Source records
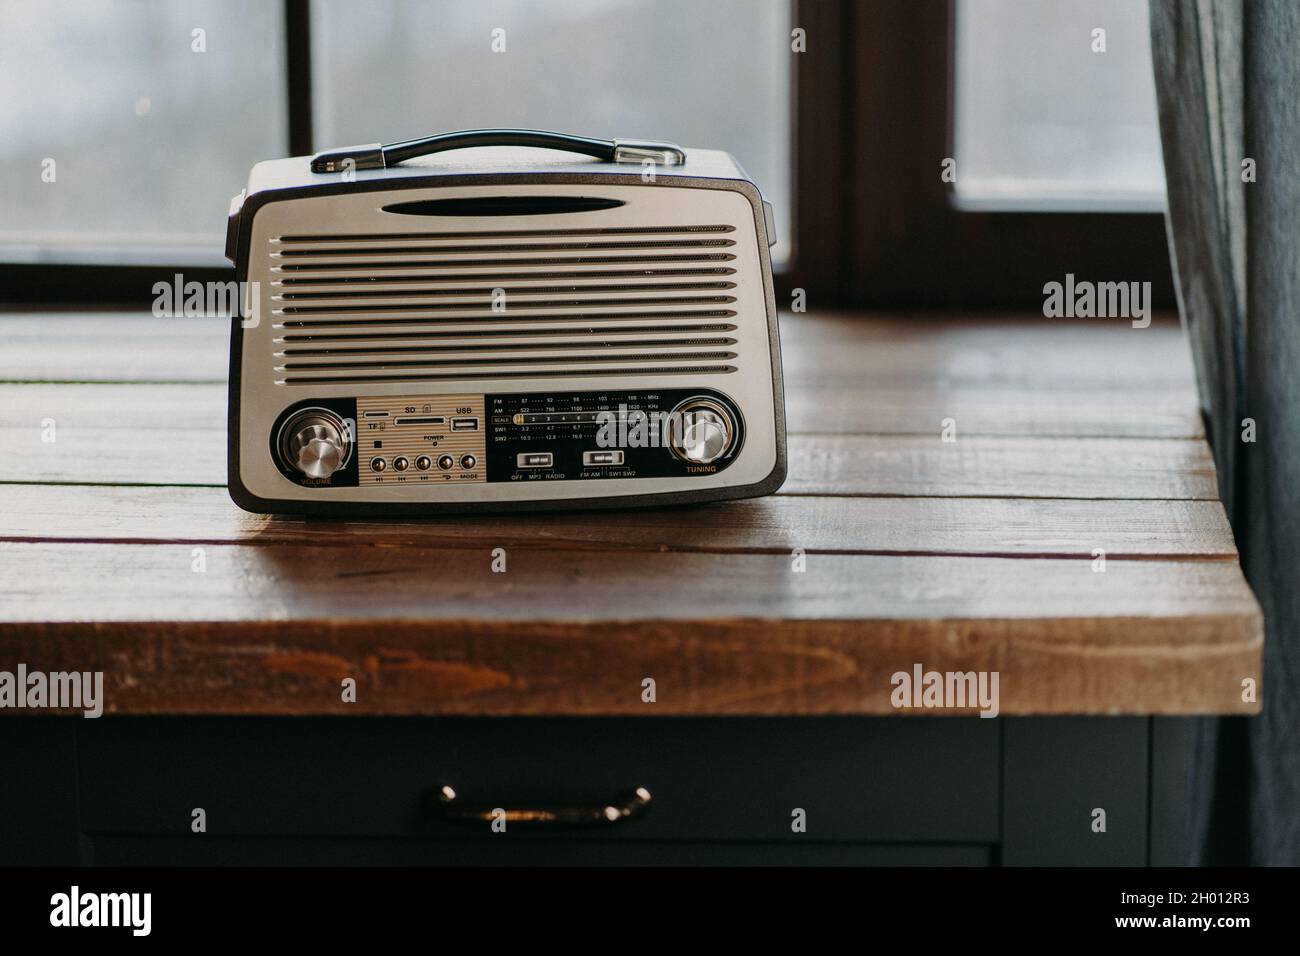 https://c8.alamy.com/comp/2H012R3/retro-vintage-radio-on-wooden-table-surface-near-window-back-to-80s-music-nostalgia-and-old-technology-concept-antique-recorder-2H012R3.jpg
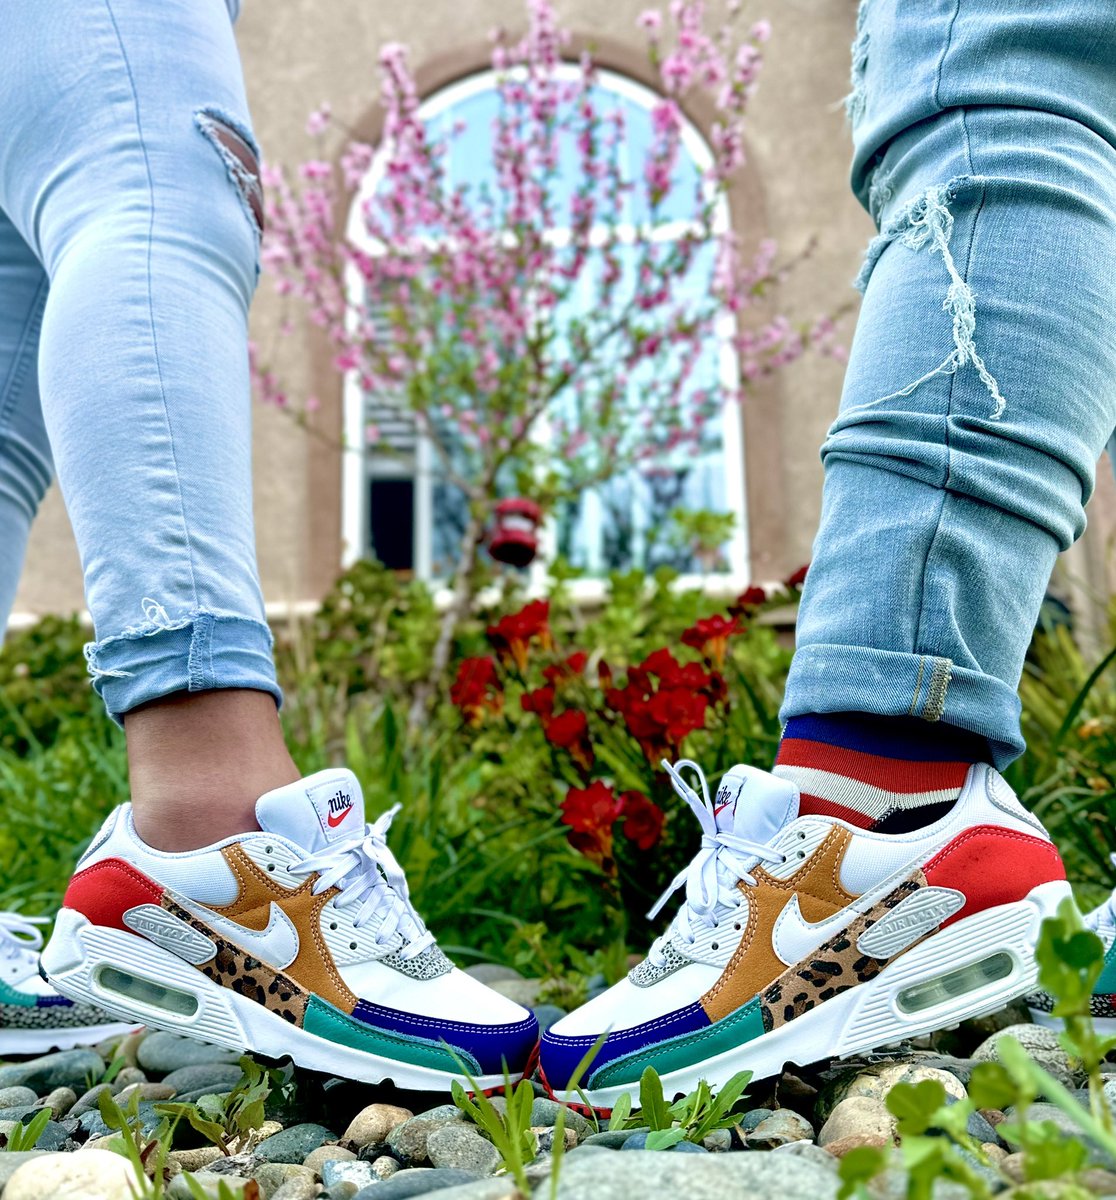 Day 20 Kissing shoes in Spring Flowers for #marchMAXness and #airmaxmonth2024 with my twin #womensneakerheadwednesday
#WomenSneakerWednesday #mywifebetterthanyours #thesolefirm #stilllaceddifferently #snkrsliveheatingup 
#solecollectors #snkrskickcheck #AirMaxMonth
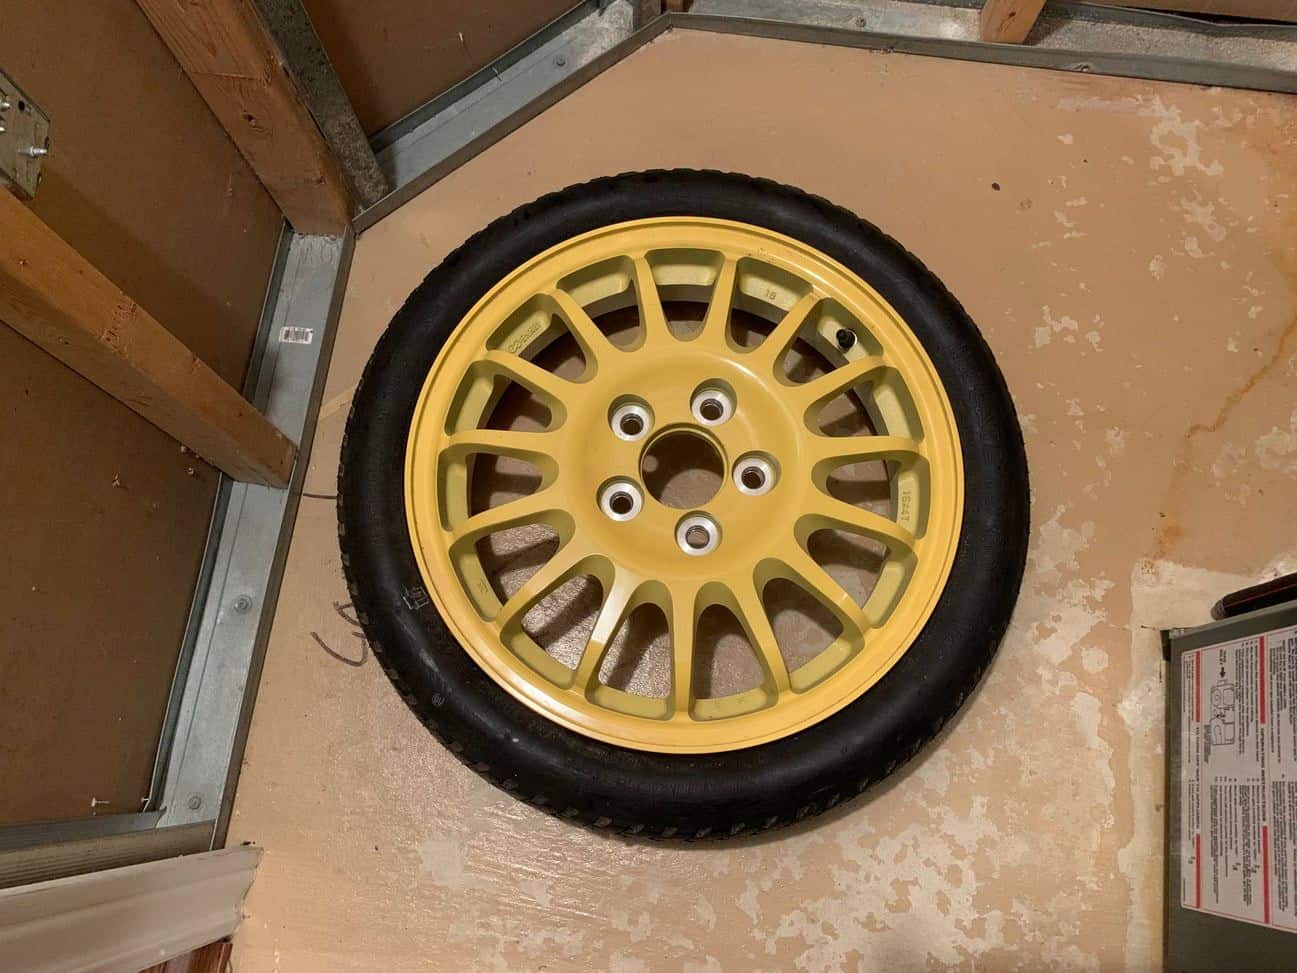 Wheels and Tires/Axles - 94 Spare Enkei wheel - New - 1991 to 2000 Mazda RX-7 - Aurora, ON L4G5L4, Canada
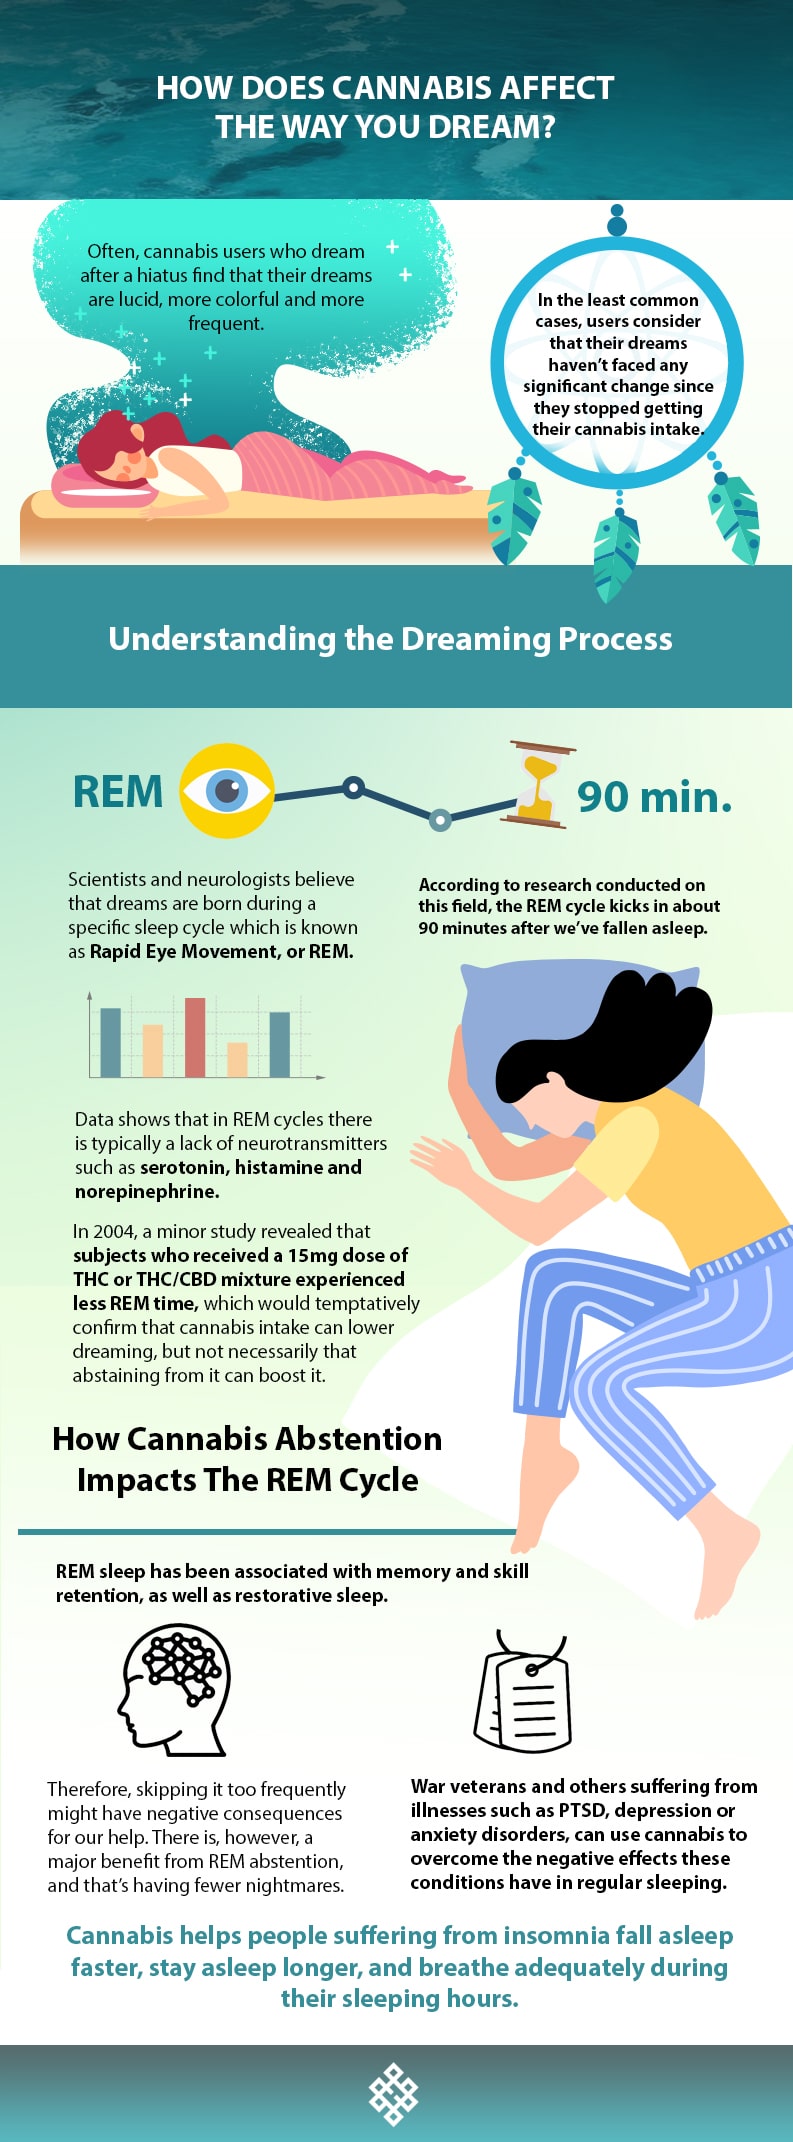 Dream, How Does Cannabis Affect The Way You Dream?
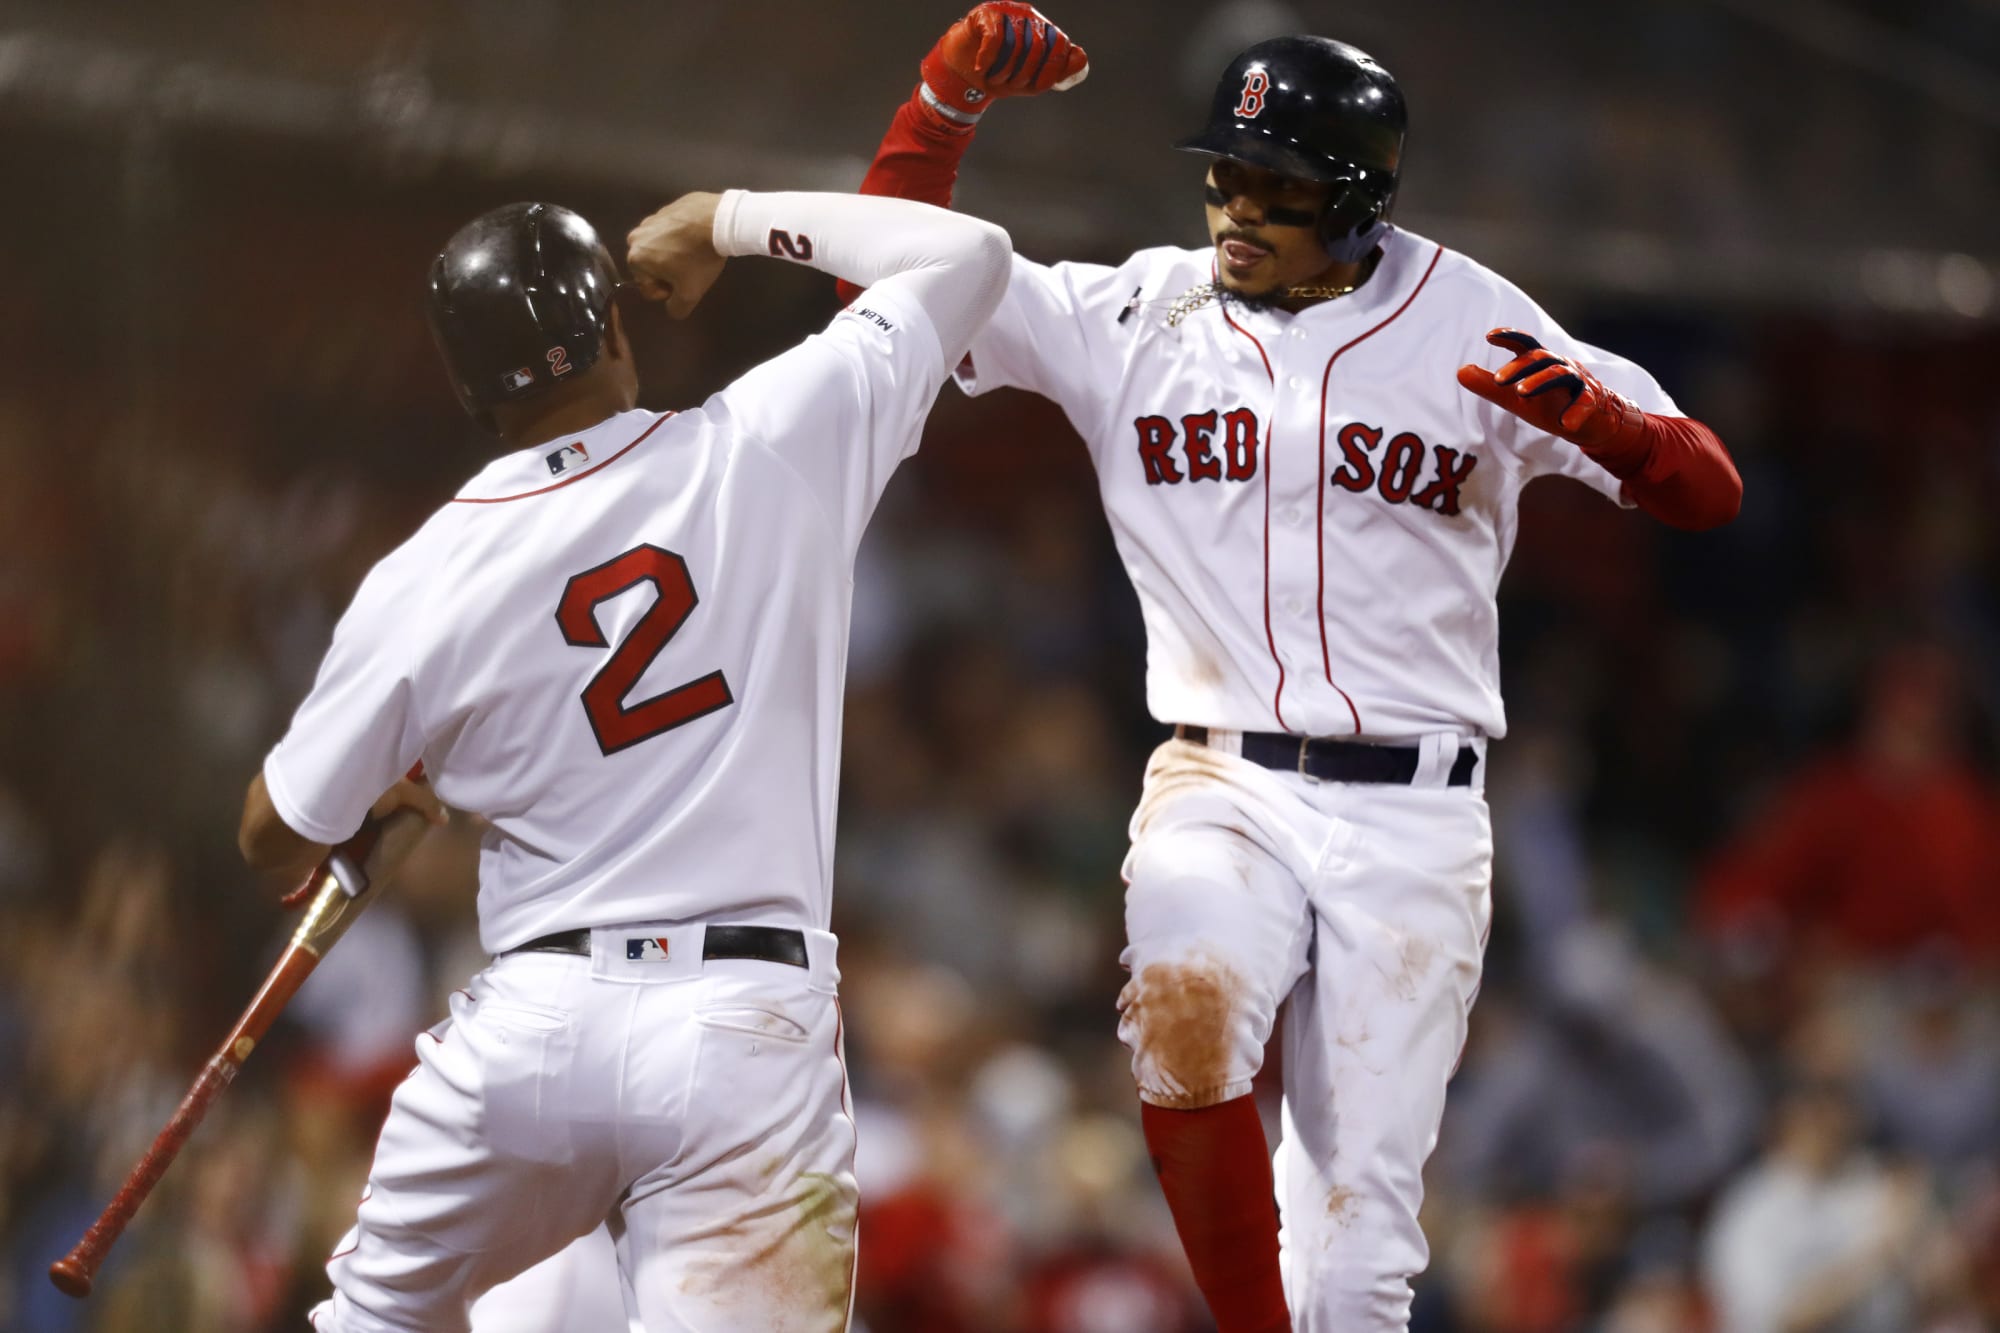 Red Sox make five appearances on ESPN's Sunday Night Baseball in 8

#### WHAT IS BEING ASKED
Find the line that contains "#WomenSneakerWednesday #mywifebetterthanyours #thesolefirm", then write out that line and each one after it, exactly and with nothing else, through the end of the entries above, without the pictures.

#### TASK ANSWER
#WomenSneakerWednesday #mywifebetterthanyours #thesolefirm #stilllaceddifferently #snkrsliveheatingup 
#solecollectors #snkrskickcheck #AirMaxMonth
 Wheels and Tires/Axles - 94 Spare Enkei wheel - New - 1991 to 2000 Mazda RX-7 - Aurora, ON L4G5L4, Canada
 Dream, How Does Cannabis Affect The Way You Dream?
 Red Sox make five appearances on ESPN's Sunday Night Baseball in 8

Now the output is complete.